C# – Best Way to Consume Very Dynamic/Inconsistent XML/JSON

cparsingxml

I don't know whether to call the data dynamic or inconsistent. But I need to create profile pages for people generated from xml or json. The challenge is in the data the is returned. The data is bibliographical data about a person, and the APIs that are returning it are old, 11 years old. They need revisiting.

the data can look something like this

    <person>
         <personalinfo>
              //Always the same......
         </personalinfo>
         <categories>
             <publications>
                 <item> //<---The issues lie inside here.
                      <authors>
                      </authors>
                      <publications>
                      </publications>
                 </item>
             </publications>
         </categories>
    </person>

The issue lies with the categories and item information. A new category can be added at any time and be called anything. Also an item can have any fields and those fields can have any name and be added at any time. Essentially I don't know what I am getting back. On top of that there is no token returned giving any hints about displaying the information nor is there any format requirements on data that is entered into the feed that these APIs are returning.

I know that these APIs need updating but that isn't on the table right now. I just got a deadline pushed forward 2 weeks and need to have profile pages done very soon.

Are there any good tools that can handle this mess of information? Does anyone have any suggestions for getting this done quickly. This is going to be an iterative project I imagine so whatever I use is most likely going to be an interim solution. The data returned can be json, but it keeps the same structure.

The site I am making these pages for is an .net MVC site. I'm using razor for everything else, but I think for this particular page there may be a better approach.

The concern I have isn't in parsing of the data. I know you can use dynamic objects with many libraries. The concern is formatting the data once I have it. There are no good identifiers or tokens to use to step through data formatting it. With these dynamic objects is there a good way to format them before passing the model to a view, or Am I going to have to write a huge xsl sheet for handling all possible cases. There are 2000+ different fields that items can have and more could be added so I don't want to do it that way.

Formatting is an issue because they want stuff like authors to be formatted differently based on category APA vs MLA stuff like that as well date formats and phone/ mail formats to differ based on category. The problem orginates from the APIs which I can't fix now, not my project nor are they listening to me. When the the data structure for the backend of the APIs was set up they wanted to allow for any data which is good, but they didn't set up and structured guidelines for formatting or creating new fields.

So publication may have authors while poems may have author and articles may have AUTHORS. Date in one category my be date or startdate or enddate or birthday.

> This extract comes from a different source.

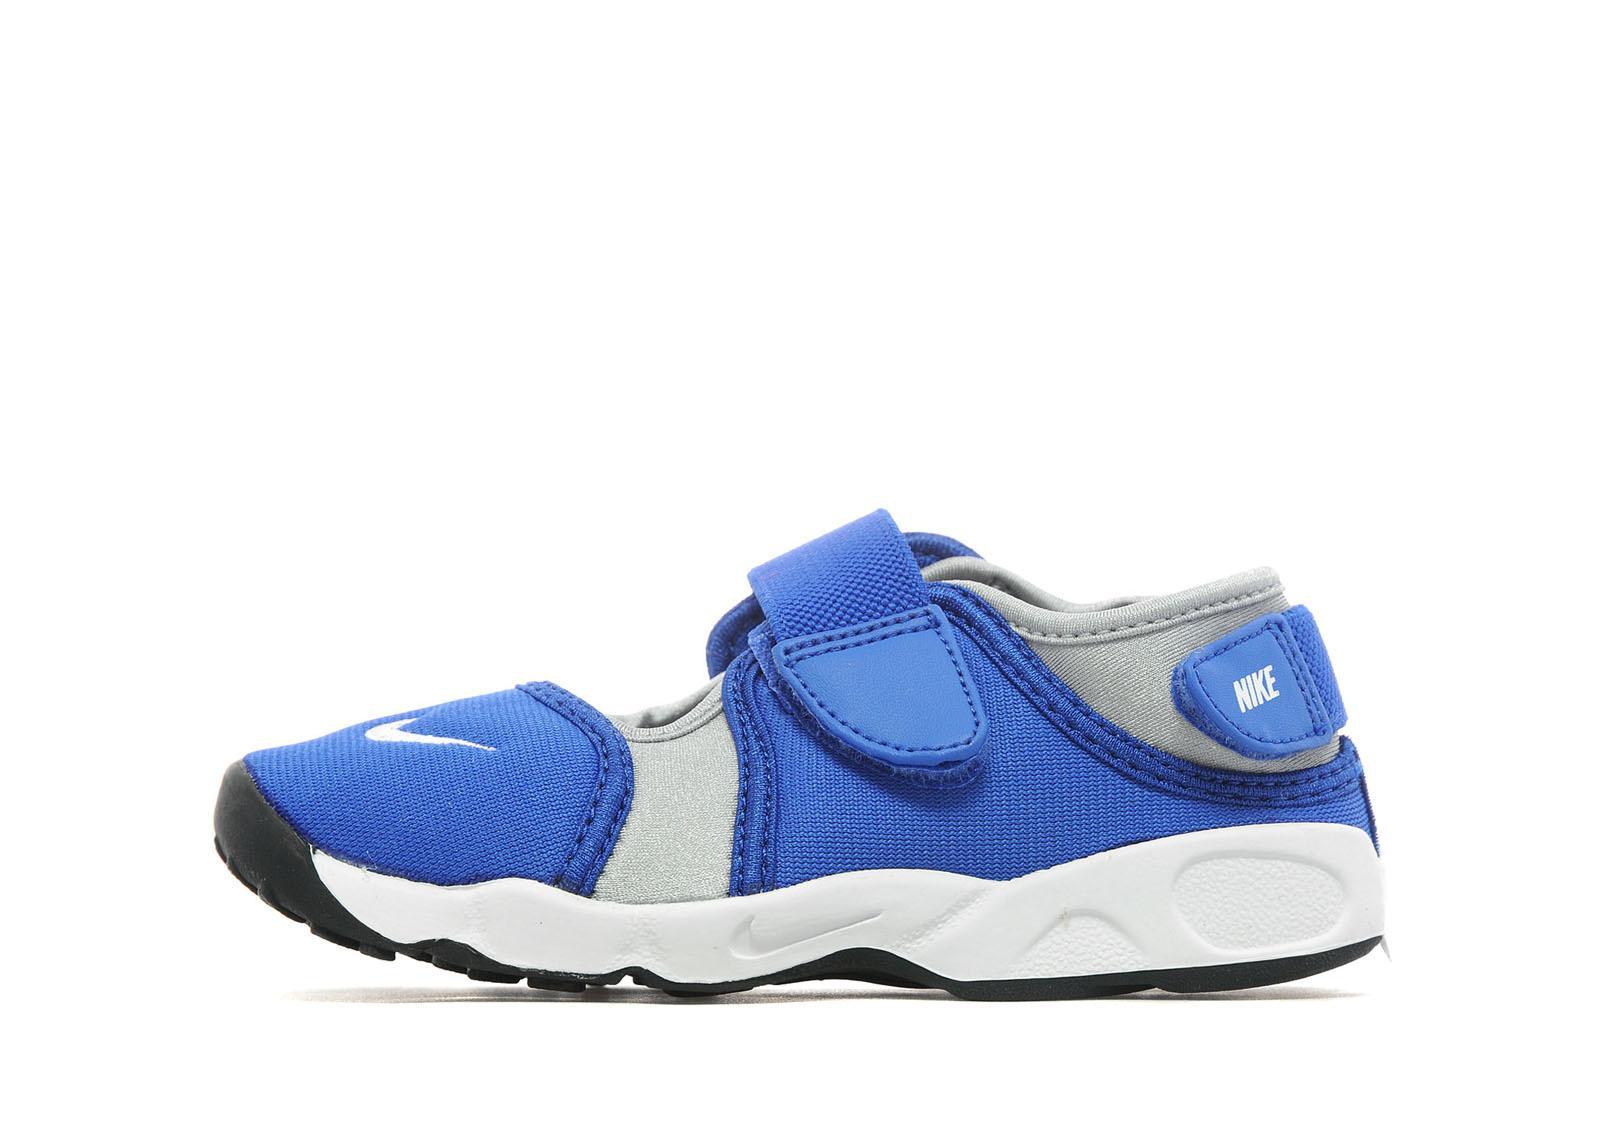 2acd7c491005b4 Vegan Nike Running Shoes Damn Kicks

I realize there isn't a very elegant solution to this without fixing the root cause was just hoping someone had some advice for a quick easy interim solution until the APIs can be tackled right. Also they want me to reorder fields in some spots not based on category but based on adjacent fields.

Best Answer

Your going to have to write a lot of custom formatters. As a example, he's some solutions for formatting phone numbers:

https://stackoverflow.com/questions/188510/how-to-format-a-string-as-a-telephone-number-in-c-sharp

As you can see, lots of variations on a theme.

You might try a factory approach where where you pass a type and a category and it returns a formatter. All formatters inherit from an interface like IFormat. Some examples:

var formatter = FormatFactory.Create(FormatType.Telephone, "CategoryX");
var formattedString = formatter.Format(phoneNumberFromJsonString);

var formatter = FormatFactory.Create(FormatType.Author, "APA");
var formattedString = formatter.Format(AuthorFromJsonString);

At least you would be able to keep the format logic focused instead of having a single formatter trying to handle all the scenarios.